Summary for those wishing to follow science but who can't do math: consider many pairs of individuals and ask to what extent similarity in genotype is related to similarity in phenotype (g score, specific ability score, height, weight, etc.). From this analysis one can estimate the extent to which genes influence phenotype (heritability), and to what extent the same genes are influencing two different traits (e.g., height and weight, or reading ability and general cognitive ability g). The bivariate method is described here in more detail.
"These results indicate that genes related to diverse neurocognitive processes have general rather than specific effects."
DNA Evidence for Strong Genome-Wide Pleiotropy of Cognitive and Learning Abilities (DOI 10.1007/s10519-013-9594-x Behavior Genetics)
Abstract: Very different neurocognitive processes appear to be involved in cognitive abilities such as verbal and non-verbal ability as compared to learning abilities taught in schools such as reading and mathematics. However, twin studies that compare similarity for monozygotic and dizygotic twins suggest that the same genes are largely responsible for genetic influence on these diverse aspects of cognitive function. It is now possible to test this evidence for strong pleiotropy using DNA alone from samples of unrelated individuals. Here we used this new method with 1.7 million DNA markers for a sample of 2,500 unrelated children at age 12 to investigate for the first time the extent of pleiotropy between general cognitive ability (aka intelligence) and learning abilities (reading, mathematics and language skills). We also compared these DNA results to results from twin analyses using the same sample and measures. The DNA-based method revealed strong genome-wide pleiotropy: Genetic correlations were greater than 0.70 between general cognitive ability and language, reading, and mathematics, results that were highly similar to twin study estimates of genetic correlations. These results indicate that genes related to diverse neurocognitive processes have general rather than specific effects.
[GCTA] ... The bivariate method extends the univariate model by relating the pairwise genetic similarity matrix to a phenotypic covariance matrix between traits 1 and 2 (Lee et al. 2012). The eight principal components described earlier were used as covariates in our bivariate GCTA analyses; as mentioned in the previous section, all phenotypes were age- and sex-regressed prior to analysis.
Twin modelling. The twin design and model-fitting is discussed elsewhere (Plomin et al. 2013a). We fit a bivariate Cholesky decomposition using OpenMx (Boker et al. 2011), which provided a direct comparison with the bivariate GCTA. The correlated factor solution is the least restricted model allowing variables to correlate with one another via genetic, shared environment, and non-shared environment.

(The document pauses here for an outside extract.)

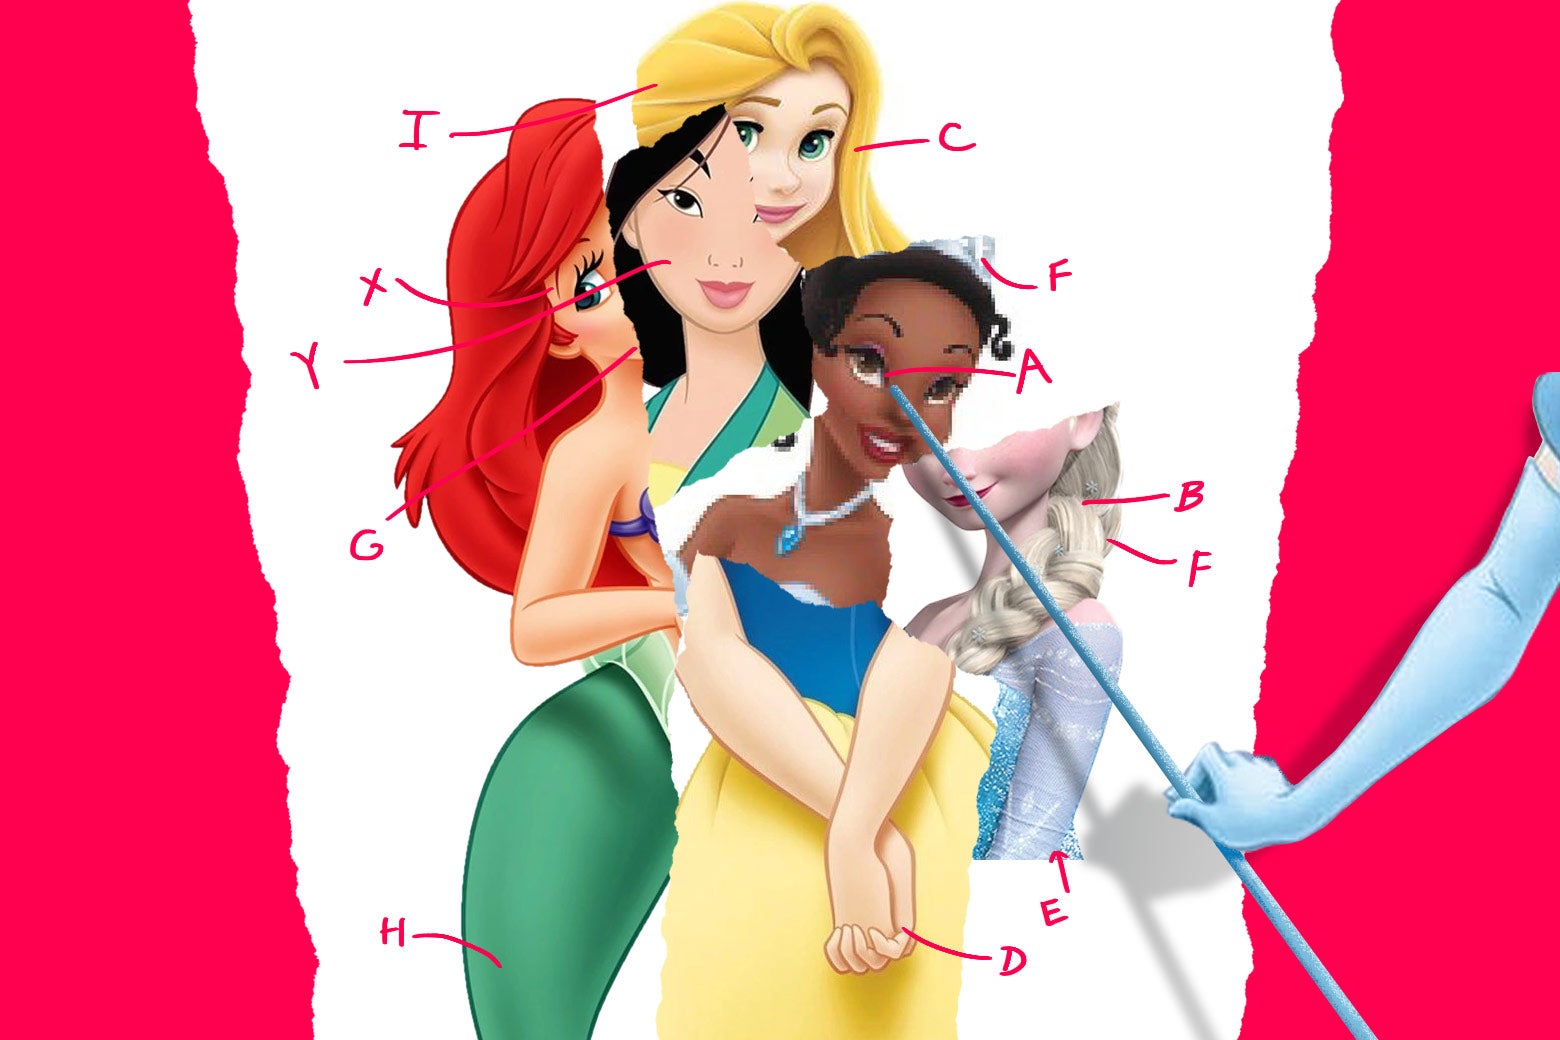 Why are we so obsessed with Disney princesses? pic

... Table 1 shows GCTA-estimated genetic correlations (and standard errors, SE) between ‘g’ and learning abilities for more than 2,238 12-year-old UK twins (randomly selecting only one member of each twin pair to control for potential confounds, such as birth order) based on 1.7 million SNPs measured from the Affymetrix 6.0 GeneChip or imputed from HapMap 2,3 and WTCCC controls (Trzaskowski et al. 2013). Genetic correlations are significant and substantial for all three comparisons—between ‘g’ and language (0.81), mathematics (0.74), and reading (0.89). The GCTA-estimated genetic correlations between ‘g’ and learning abilities are similar in magnitude to the GCTA-estimated genetic correlation between height and weight (0.76). In addition, Table 1 includes bivariate results for ‘g’ versus height and ‘g’ versus weight as ‘negative controls’; their phenotypic correlations are both 0.07. As expected, these comparisons yielded negligible and nonsignificant genetic correlations (−0.03 and −0.06, respectively).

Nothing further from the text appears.